Churchill had his flaws – but his legacy is with us today

Nobody can turn kitsch into culture like the British establishment – but the re-run of Winston Churchill’s funeral was something really rather weird.

As a small vessel passed through a specially opened Tower Bridge, the tourists from the UK and abroad seemed just as mystified as us.

It was the same boat that carried Sir Winston Churchill’s coffin along the Thames in 1965 and it was marking the 50th anniversary of his funeral.

Members of the Churchill family were aboard the Havengore, which travelled to Westminster in central London.

‘An affable man’

There was little apparent fanfare before the event.

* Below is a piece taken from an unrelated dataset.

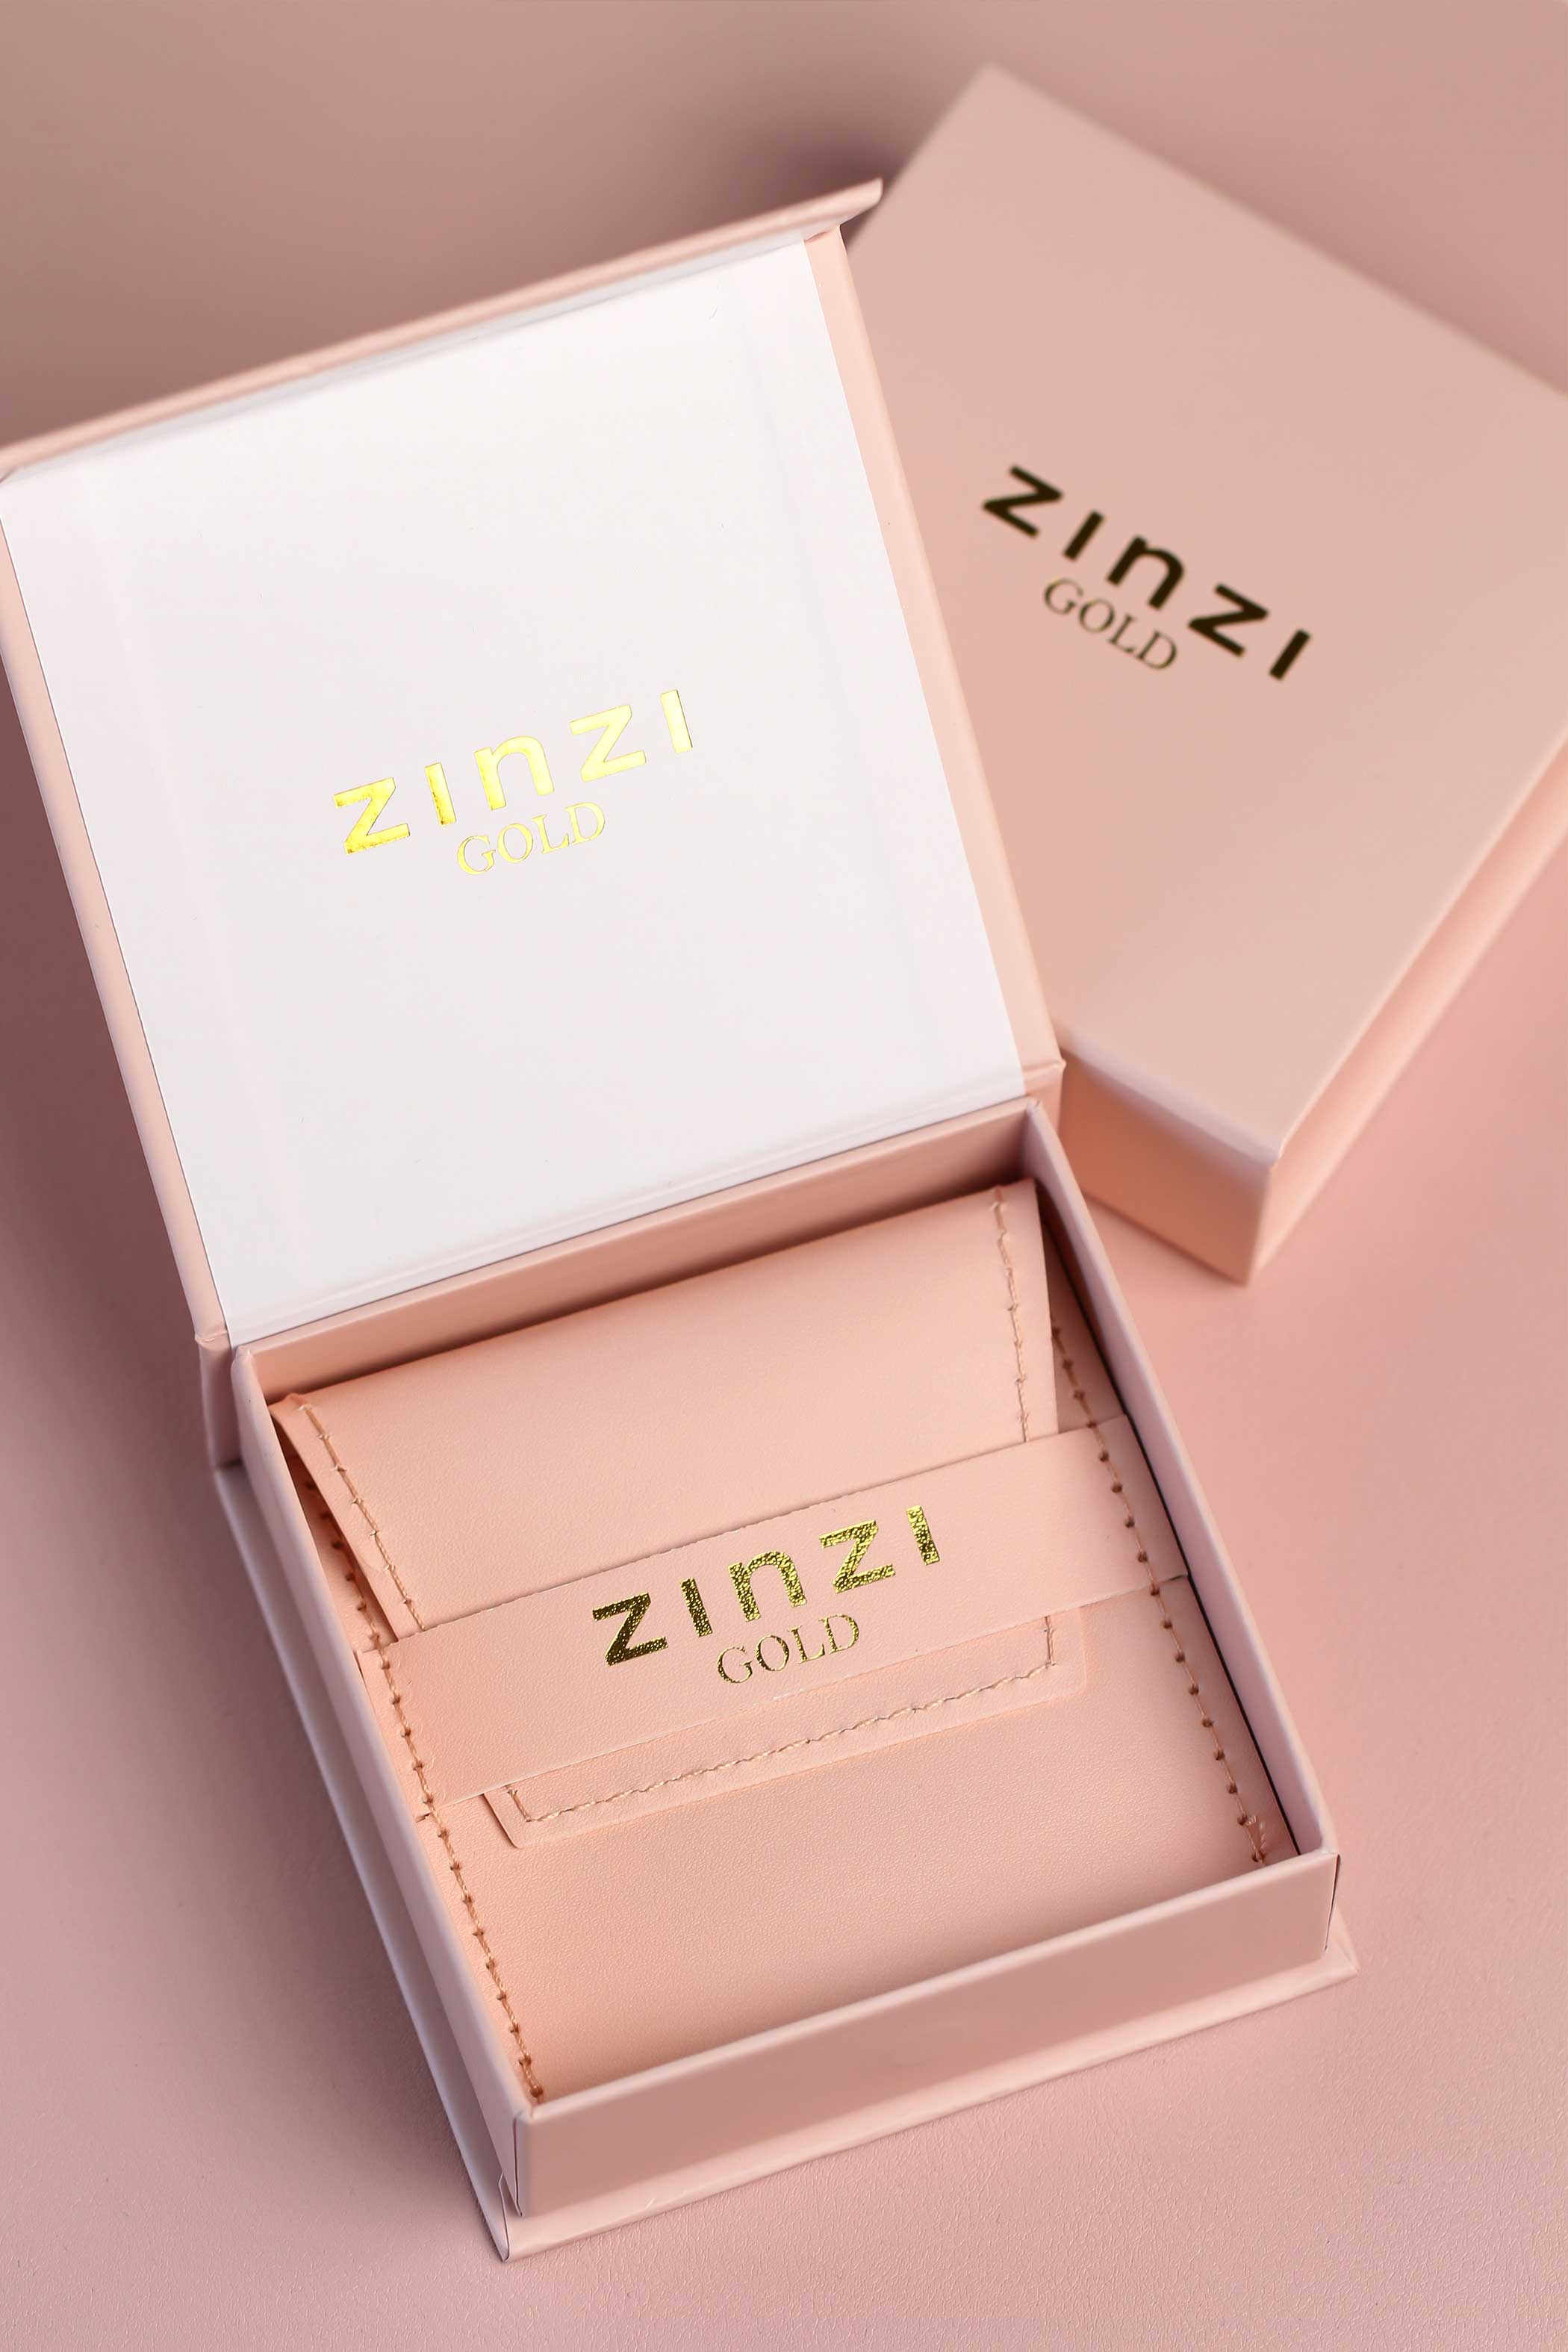 ZINZI 14K Gold Earrings Pendants Beads 6mm ZGCH392 (excl. hoop earrings)

For many, though, it was a moving and dignified occasion.

Joy Hunter recalled working as a secretary in Churchill’s war room bunker complex: “He was an affable man – very affable. [He] would always say hello and ask you how it was all going whenever you met him in the corridors.”

She recalled how they all stayed around one evening to watch a film being projected. Churchill duly appeared at the last moment wearing pyjamas, brandy in one hand, cigar in the other: “Winnie’s here,” he bellowed,” let’s roll the film.”

 

Christine Cuss had a copy of her father’s book under her arm, a collection of his diaries of the Blitz in London.

“He gave us hope above all else. We lost our home but we could still have street parties and let the enemy know you can blow up our house but you cannot dominate our spirit.”

Complex character

But Churchill was a far more complex character than the 2D war leader. Unquestionably the right man in the right place for that task, he was so often the wrong man in the wrong place for so many others.

Churchill could not have happened today. He would not have been allowed. The disastrous stewardship of Gallipoli abroad to turning the troops on striking miners in these islands.

 

Churchill was an imperialist. He hated trade unions; he thwarted women’s rights and he championed Britain’s use of chemical weapons. No indeed, he would not have been allowed to happen today.

But his prime ministerial legacy from those five critical years of 1940-45 is clear and simple: it give people like me the freedom to write truths like this, 50 years on.